A tight process creates momentum. VCs have competing priorities across different deals and are more likely to make a decision when they feel this momentum. 

If you’re getting interest make it clear to investors that there is limited allocation — and that it’s filling up quickly.

Momentum helps maintain control of the process and ensures it moves efficiently. It’s crucial to guide the process on your side. 

Investors need to see that you are organized and have a clear plan. This builds confidence and shows that you respect their time and are serious about your fundraising goals.

What was the biggest challenge that came up during fundraising?

One of the biggest challenges was pitching in a virtual setting. Zoom meetings make everything feel very transactional. If possible I highly recommend moving to in-person meetings. 

Spending a week or two in a city like New York to meet potential investors in person can make a huge difference — the in-person experience is far more natural and impactful.

The challenge with virtual meetings is that a 30-minute Zoom call can feel unnatural and impersonal — especially for someone who prefers face-to-face interactions.

Reflection

What’s one piece of fundraising advice you’d give other founders?

Having a well-planned process is so important — spend the time upfront building relationships.

Connect with as many people as possible. I heard an interesting piece of advice: "Ask for money, get feedback. Ask for feedback, get money." Doing this in-person especially helps.
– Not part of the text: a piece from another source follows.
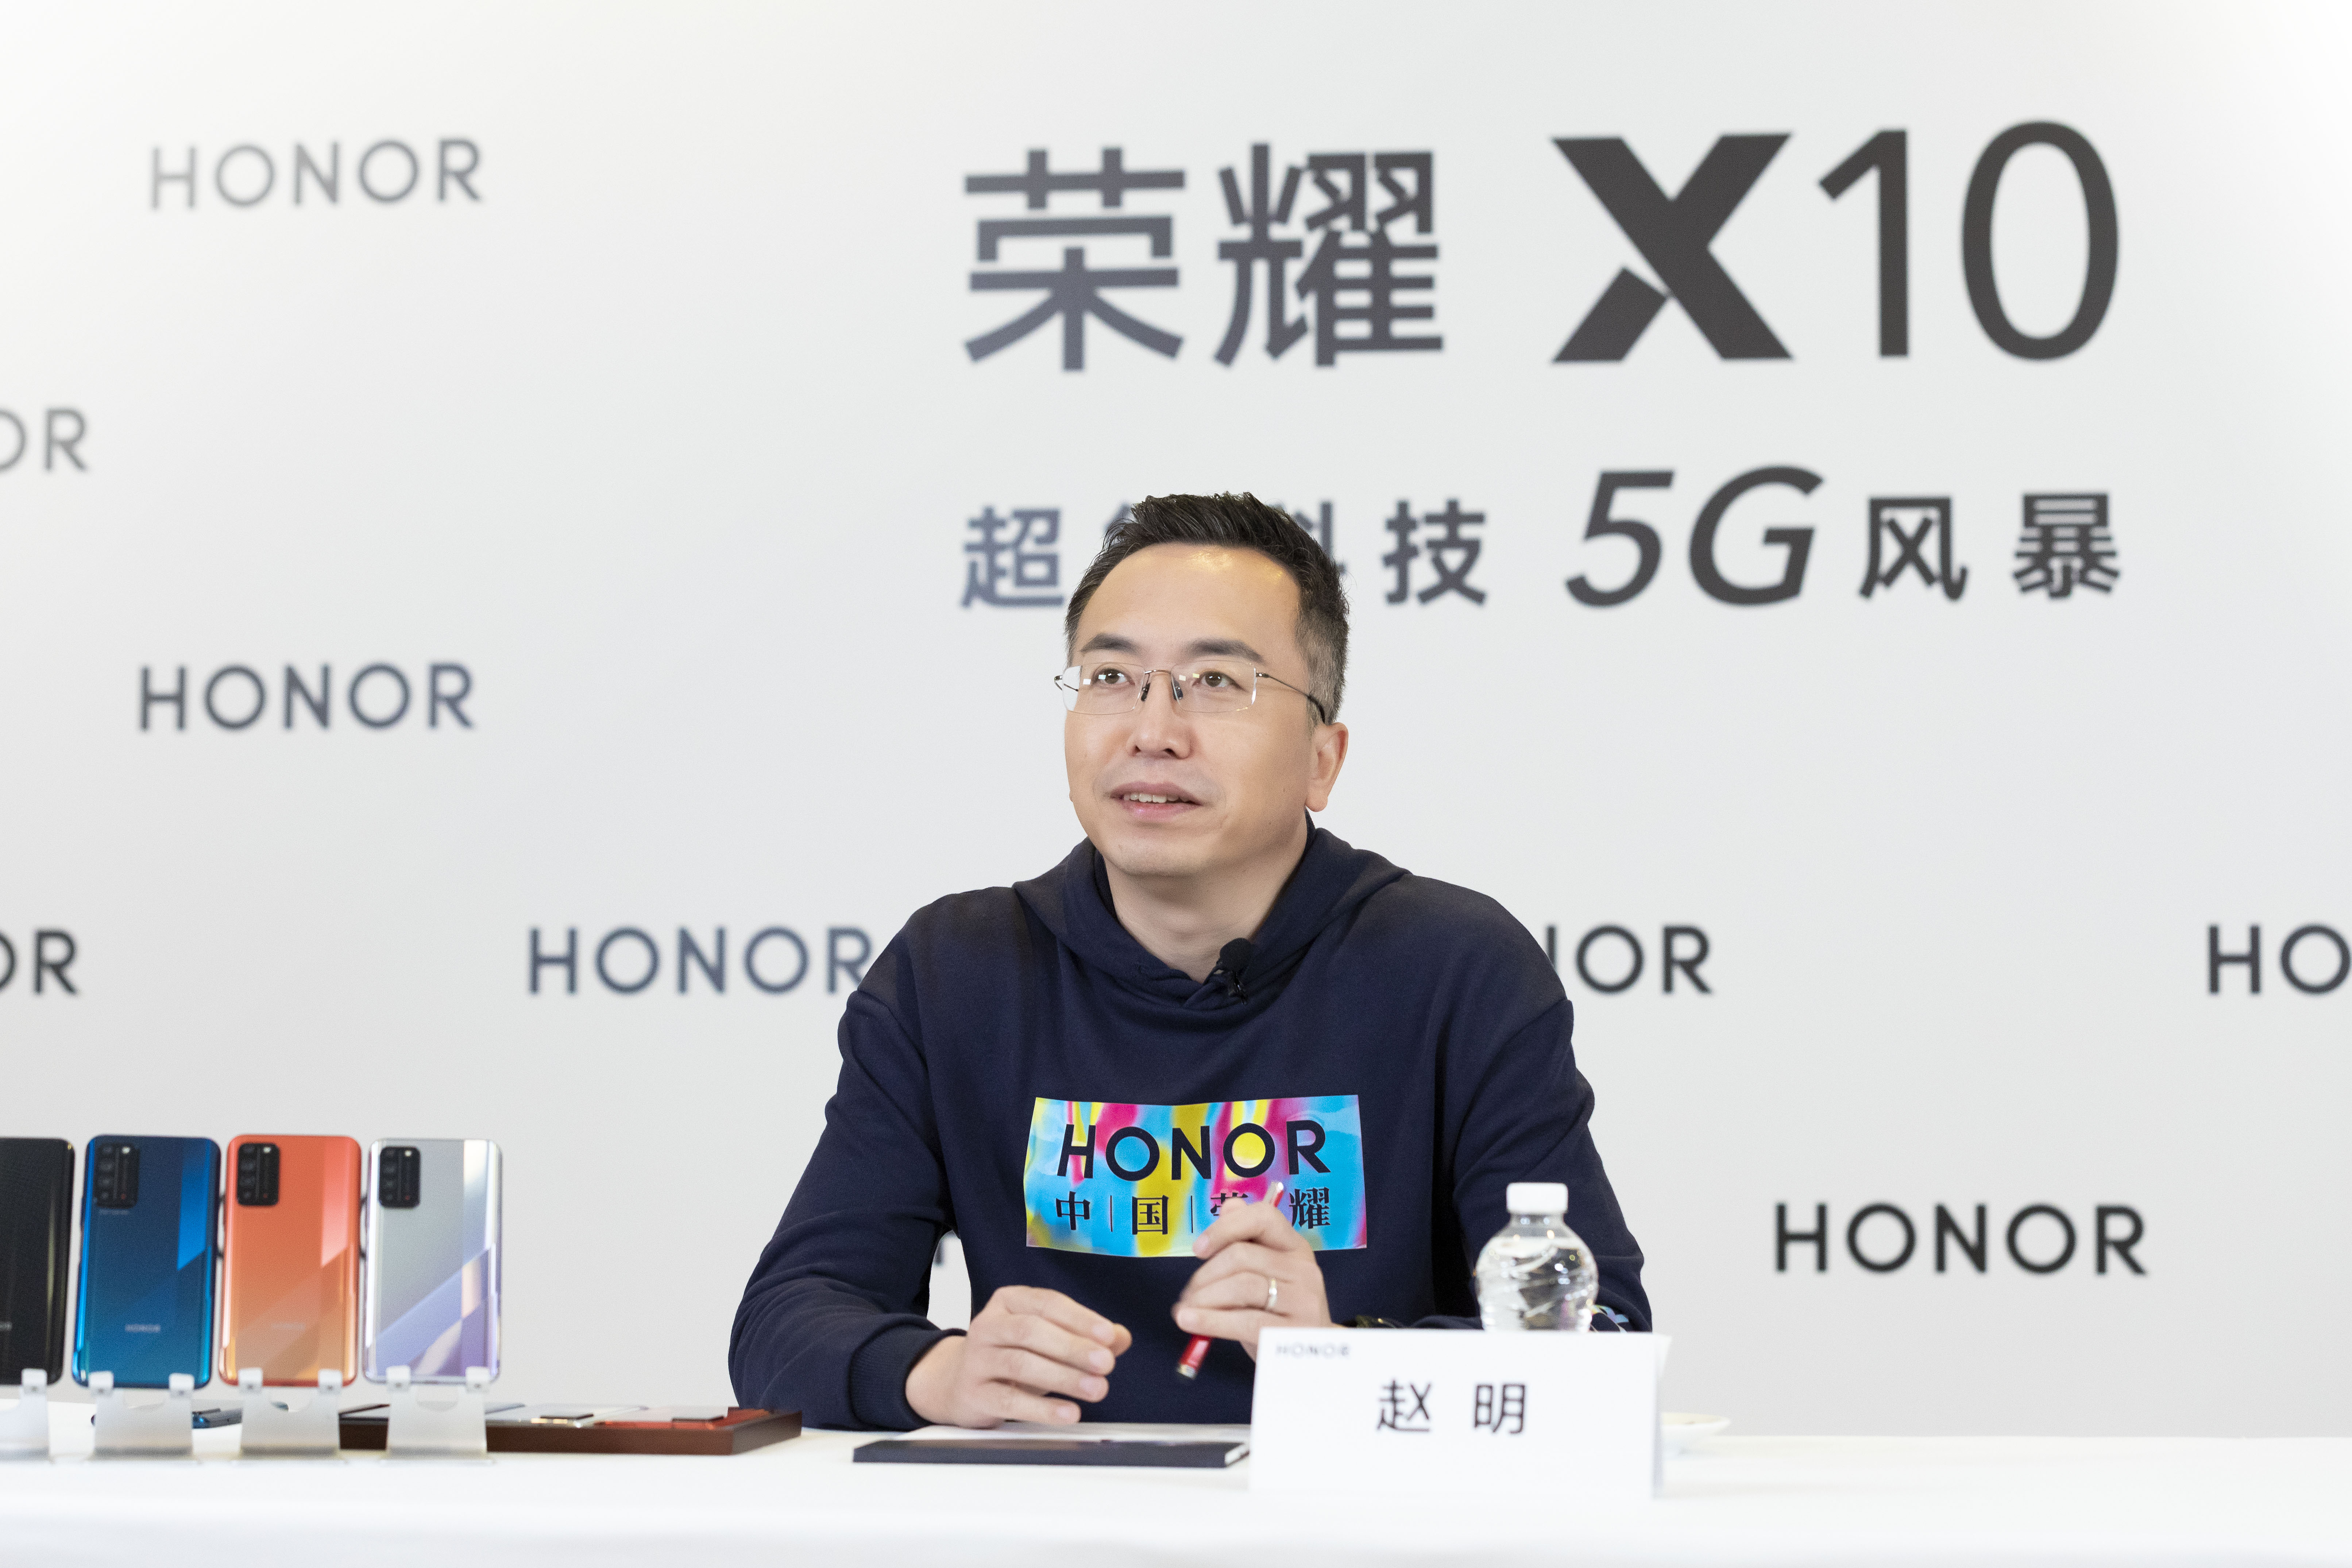 荣耀X10销量预期千万台起步!赵明:目标不变,仍是行业前二
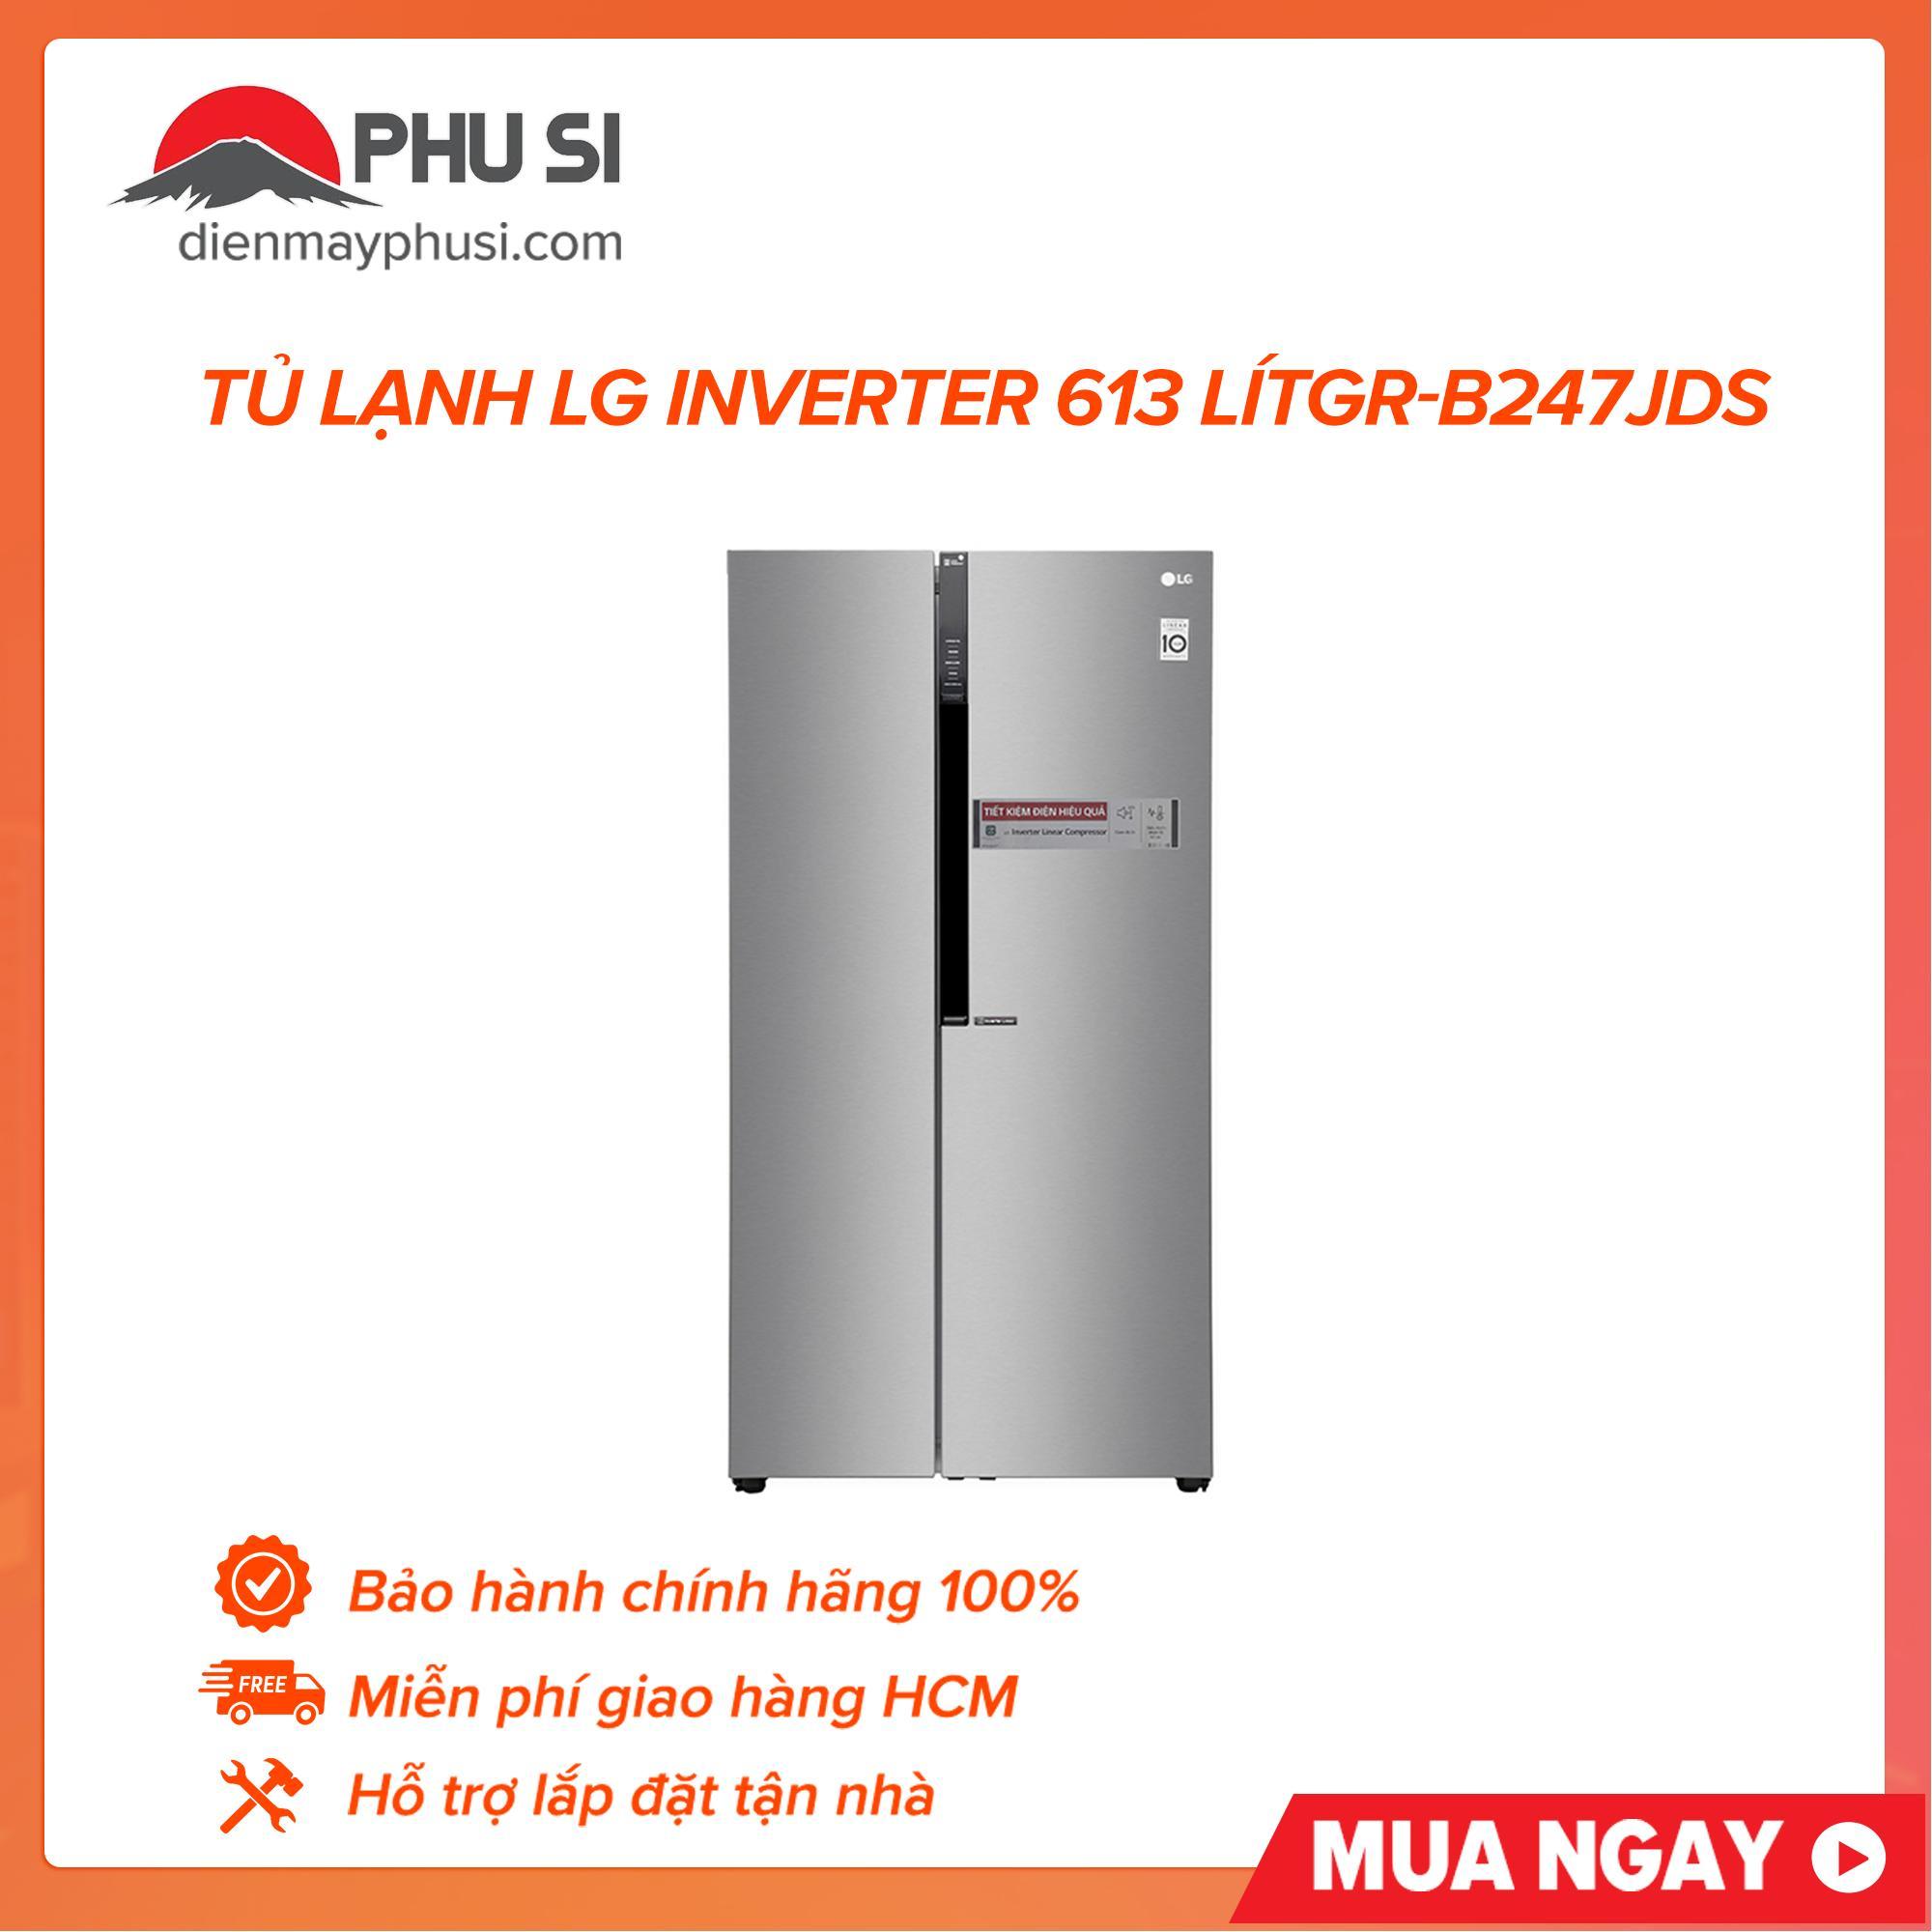 Tủ Lạnh LG Inverter 613 Lít GR-B247JDS Đang Khuyến Mãi

In fundraising it’s really important to communicate a compelling story — I’ve noticed that investors in different regions often have different focuses. 

Investors in New York are more numbers-driven — whereas in San Francisco, they're more story-driven.

As you're having these conversations, identify what each investor looks for — doing upfront research is always helpful. 

You can do this by looking at their website or talking to founders they've invested in.

A quick way to gauge an investor's focus is during the initial part of the call. There's usually an introduction where they talk about themselves and the fund. 

I take this opportunity to ask a few questions about their fund or thesis, which helps me understand what they're looking for.

Based on what they say, I tweak my pitch accordingly. If they mention an interest in personalized healthcare, I'll emphasize that aspect. 

If they are traditional healthcare investors, I'll highlight how we plan to eventually integrate into healthcare systems. 

This approach allows me to tailor the pitch in real-time, making it more relevant to their interests.

Who’s an investor you’d recommend other founders work with?

Ash Rust from Sterling Road! He's a rockstar and one of our angels. He’s very tactical, honest, and experienced as a founder-turned-investor. 

If anyone wants to chat with him, I'd be more than happy to make introductions.

Are there any resources you’d recommend to other founders?

In terms of tech, we've been using tools like Notion and Google Sheets — nothing too special. 

Speaking to other founders has also been super helpful. Learning from people who have successfully raised Series A or Series B rounds provides insights that are hard to find elsewhere. 

Building these connections and learning from their experiences has been one of the best ways to navigate fundraising for us.